Solution for the InsightDataEngineering coding-challenge
The Main.py contains the main program, while tweetprocessor.py contains the subroutine to process the tweets (i.e. feature 1), and to count the rolling average of the graph nodes (i.e. feature 2)
Upon calling run.sh, the code will ask whether user wants to use the example file [ex ] (tweets.txt in tweet_input folder), or the live stream data from Twitter [st], using the twitter API.
a .twitter-example file with the credentials need to exist in the src folder for the twitter API to work.
Use streaming data [st], or example file [ex]? [st/ex] :
When choosing to use the live streaming data, the software will ask whether user wants to append the streams into the tweets.txt file:
Store tweet streams to tweets.txt? [y/n]:
Modules Imported:
Except for tweepy, these imported modules are usually standard in a python distribution
- re
- datetime
- time
- json
- collections
- copy
- os
- tweepy [Please refer to tweepy website for installation]
Feature 1
The solution for cleaning the tweets [feature 1] employs two strategies:
- Searching for the text using internal string module
- Searching for unicodes, hashtags and escape sequences using Regular Expression (re module)

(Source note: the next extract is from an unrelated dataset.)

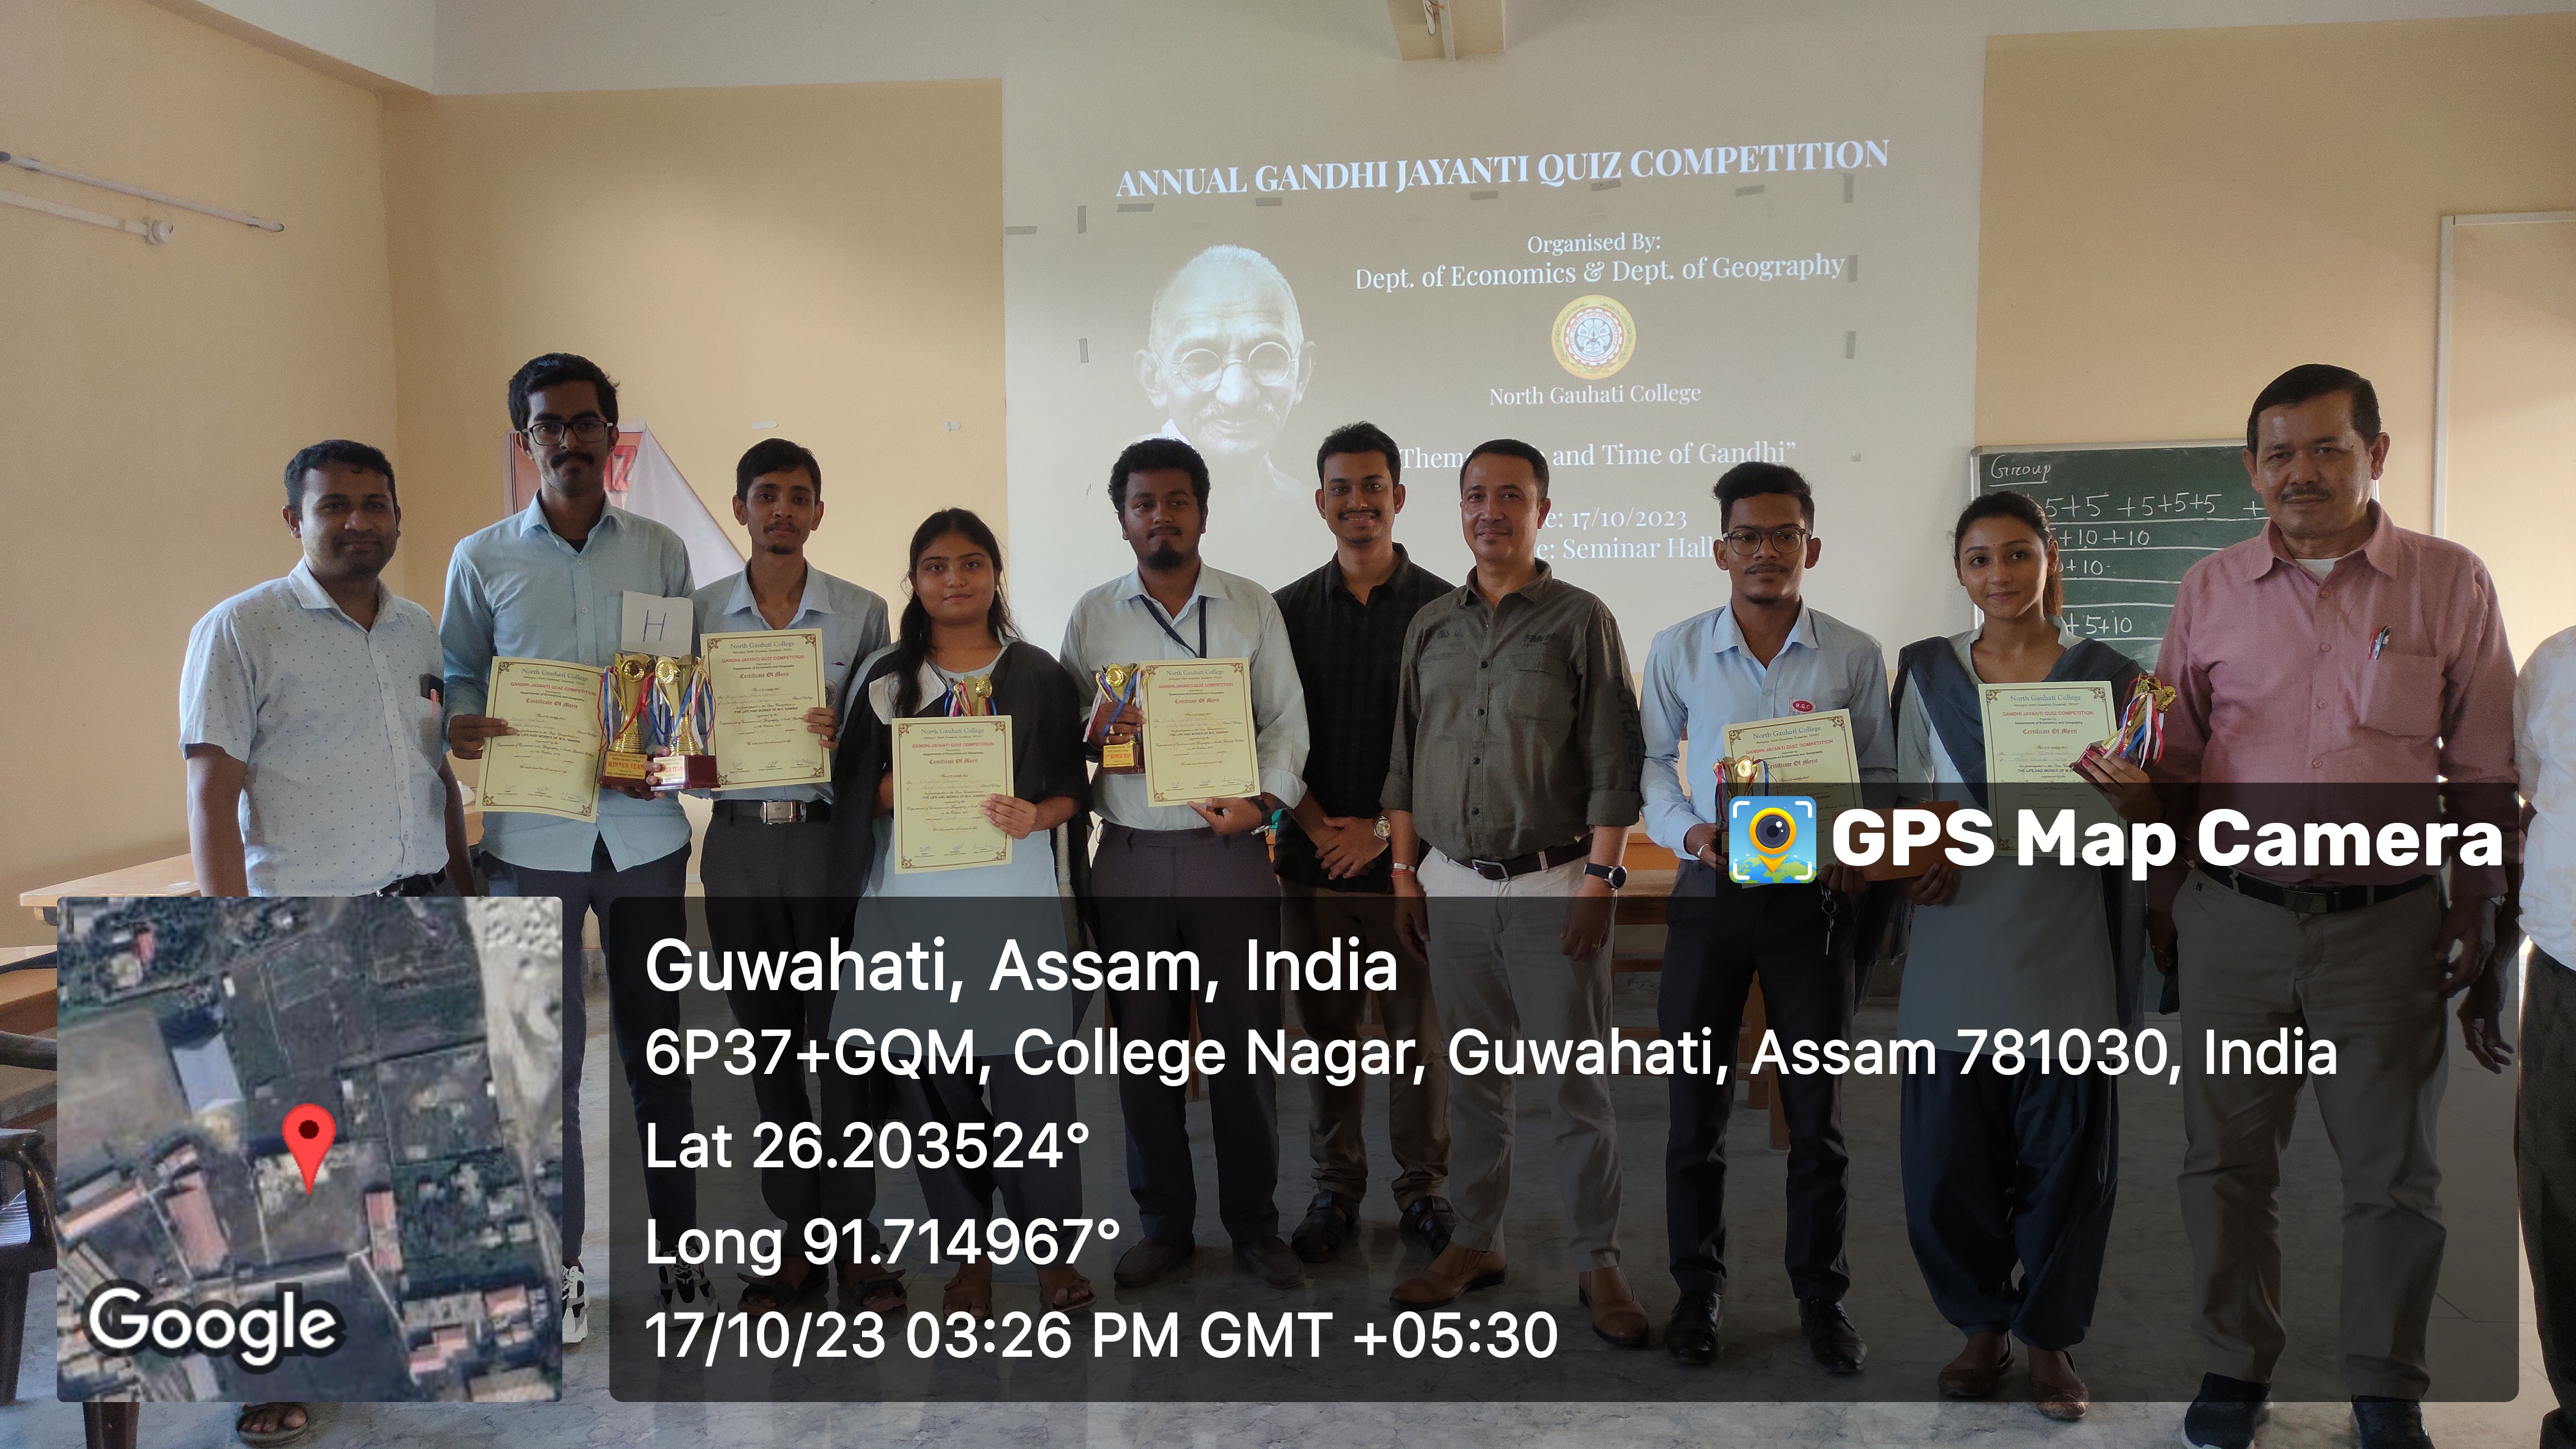 Annual Gandhi Jayanti Quiz Competition organised by Dpt. of Economics and Dpt. of Geography on 17.10.2023
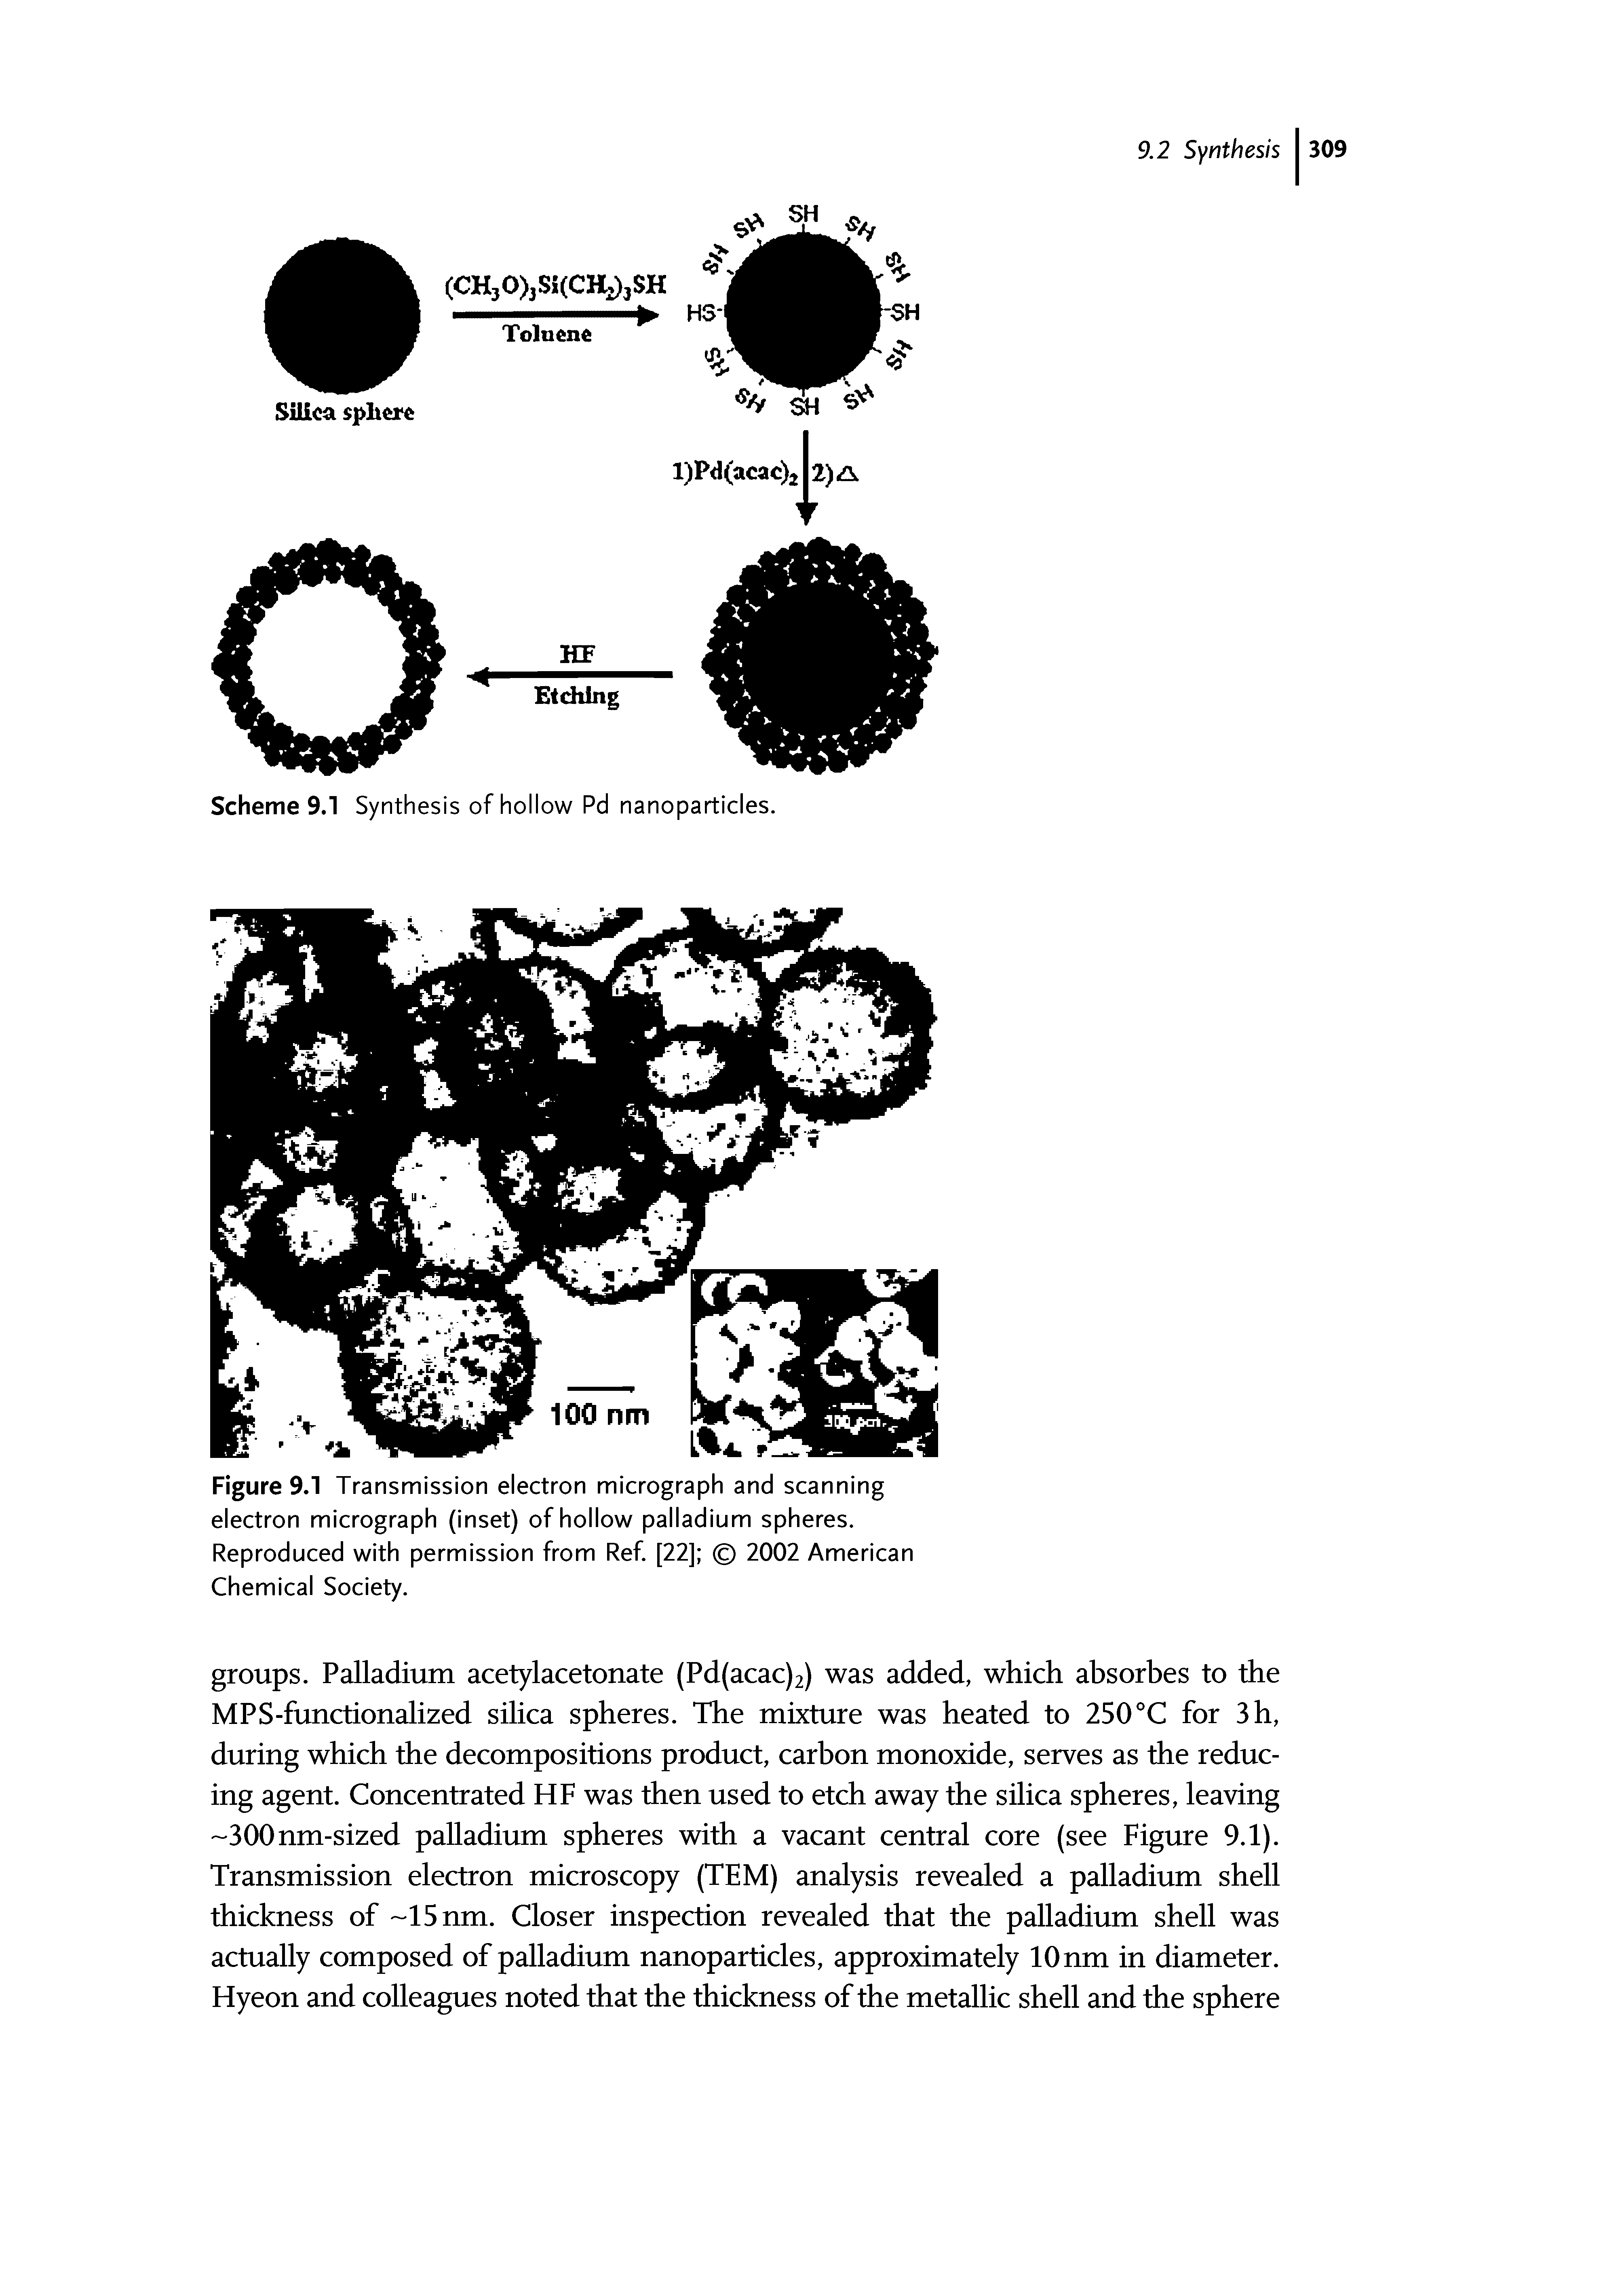 Figure 9.1 Transmission electron micrograph and scanning electron micrograph (inset) of hollow palladium spheres.

While one can employ json module to extract the text, I believe that string provides better performance
Feature 2
The graph is stored as dictionary in python. In addition, I keep the number of hashtags associated with the connected nodes in the dictionary. Adding and removing the hashtags will increment or decrement the counter, and once it reaches zero, the connected node will be removed.
Another counter is used to keep tabs of the graph nodes, and the total sum of the connected vertices.
This way, the subroutine avoids recalculating the graph for every tweets.